Has technocracy been resurrected in the last couple decades?

In the post-war years, perhaps due to the growing distrust of socialism in the cold war, membership and interest in technocracy decreased. Though now relatively insignificant, the Technocracy movement survives into the present day,[5] and as of 2013, was continuing to publish a newsletter, maintain a website, and hold member meetings.[6]

Don't believe for a minute that the technocratic movement has been reduced to a couple of websites and newspapers and "membership meetings".

TN has identified Elon Musk as a Technocrat on the basis of beliefs and actions. What we did not know is that his Canadian grandfather, Joshua Haldeman, was an avid supporter of Technocracy ...

What is the more salient examples of technocracy in our era which Is emergent at this very moment?
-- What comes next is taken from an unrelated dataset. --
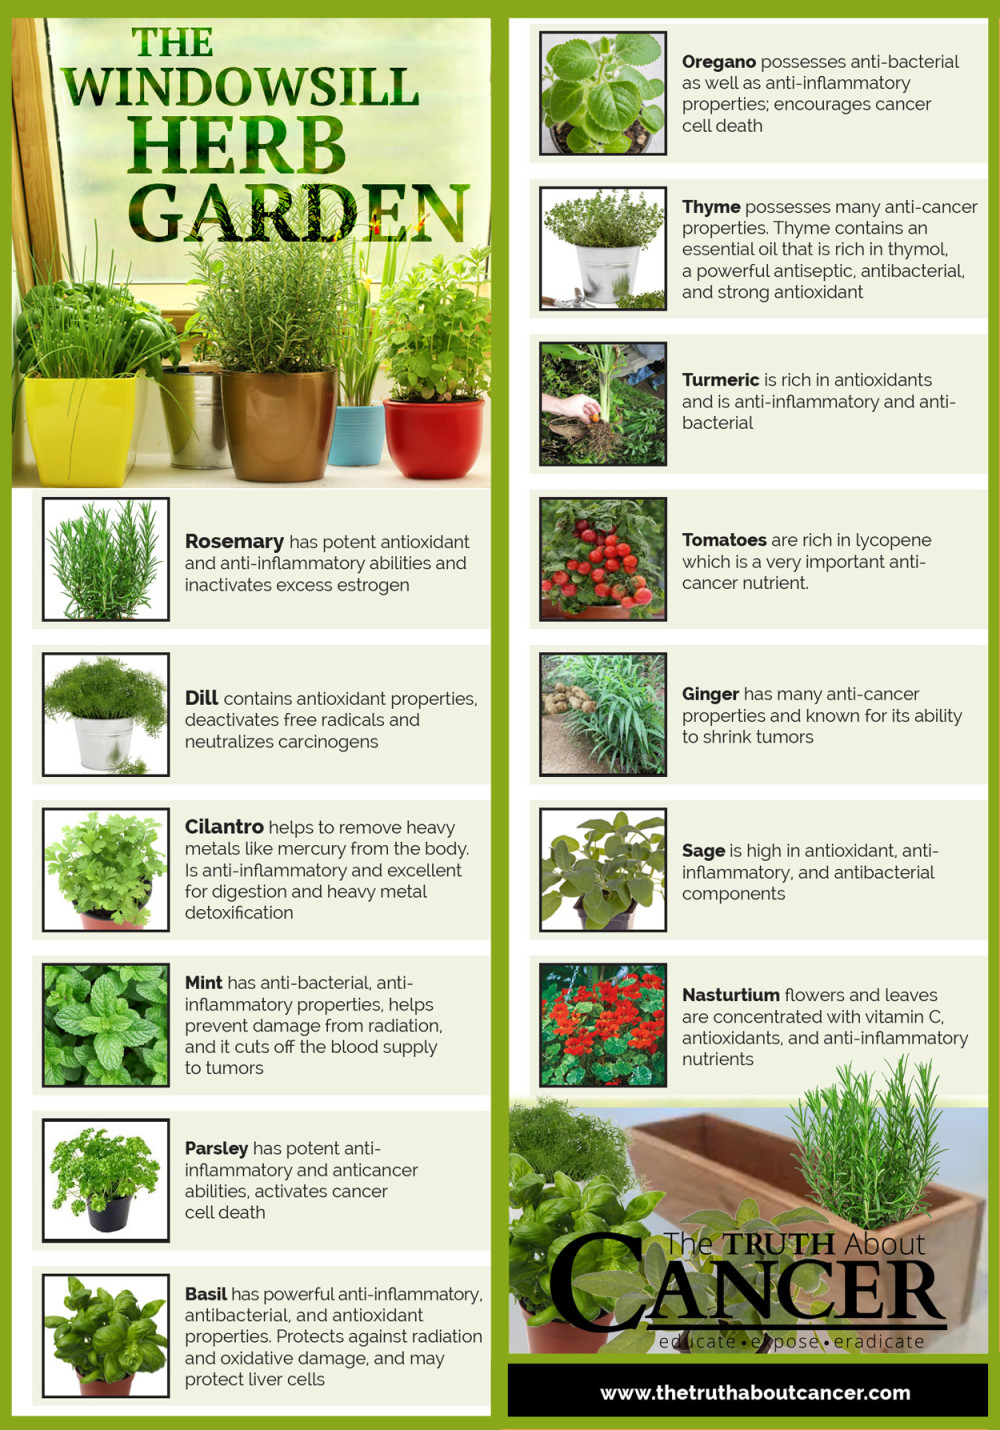 Charmant Windowshill Herb Garden Article

The Social Credit System (Chinese: 社会信用体系; pinyin: shhu xnyng tǐx) is a national reputation system being developed by the Chinese government.[1][2][3] By 2020, it is intended to standardise the assessment of citizens' and businesses' economic and social reputation, or 'credit'

The system is a form of mass surveillance which uses big data analysis technology.[1
.

Sound familiar ?

Leaders of the Communist Party of China are mostly professional engineers.
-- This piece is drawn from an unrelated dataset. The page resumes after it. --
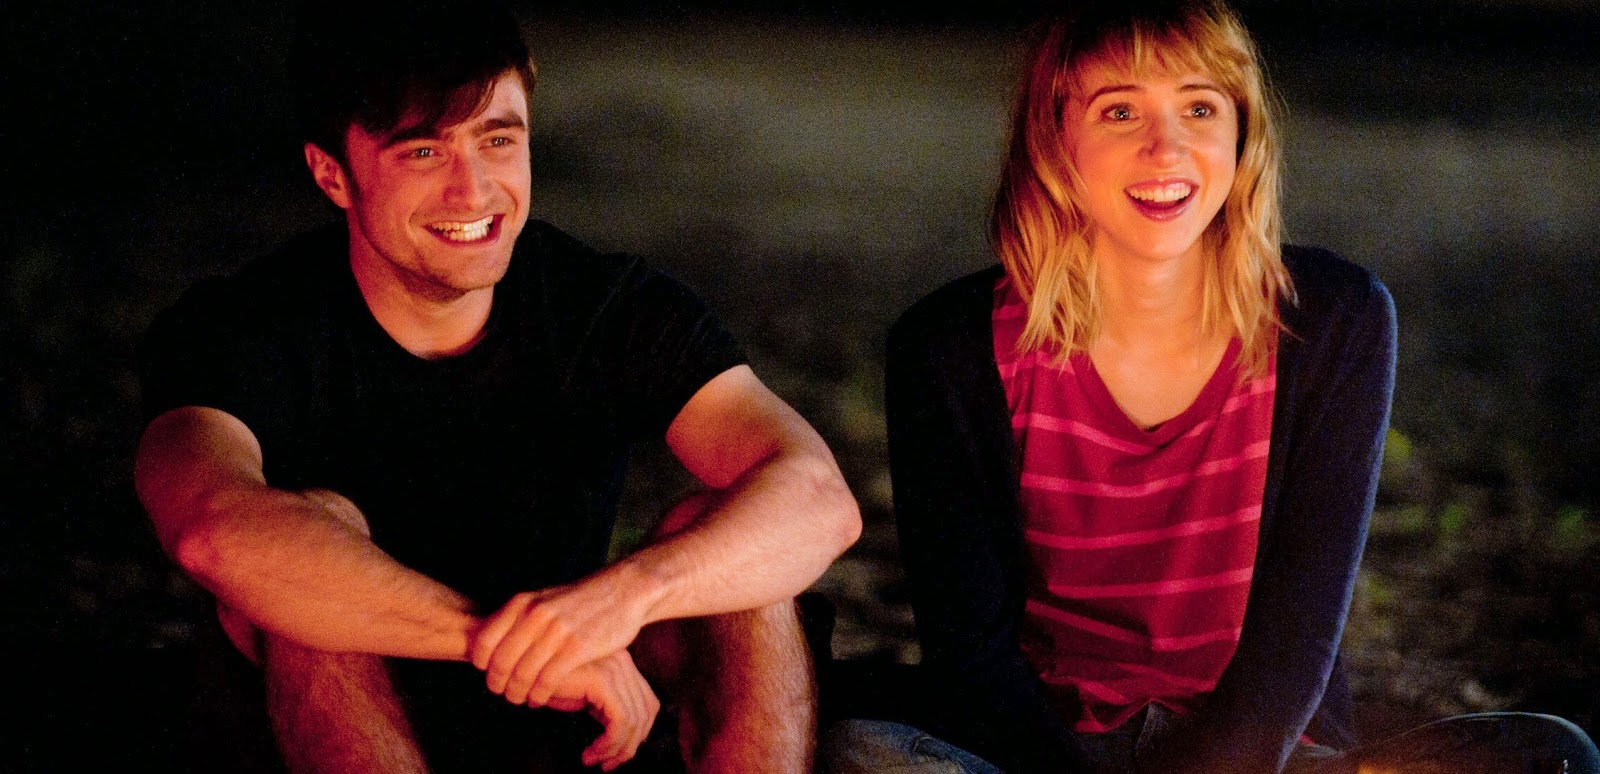 Daniel Radcliffe e Zoe Cazan no trailer da comédia romântica What If

All the great totalitarian social and political experiments of the modern age have a strong whiff of technocracy.
This dystopian ideology may have been given a fresh new lease on life by the development of new technologies.

https://en.m.wikipedia.org/wiki/Technocracy
https://en.m.wikipedia.org/wiki/Social_Credit_System
https://en.m.wikipedia.org/wiki/Brave_New_World
https://en.m.wikipedia.org/wiki/Technocracy_movement

What do you think is more of a threat to freedom and self-determinism in the future,
hordes of pathetic religious zealots or global technocrats with a secular totalitarian frame of mind hovering over big data surveillance systems?





Dingus Milktoast

Trad climber
Minister of Moderation, Fatcrackistan
Nov 12, 2018 - 09:58am PT
Leaders of the Communist Party of China are mostly professional engineers.

All the great totalitarian social and political experiments of the modern age have a strong whiff of technocracy.
This dystopian ideology may have been given a new life by the development of new technologies.

Interesting points. I'll have to fester on that a while.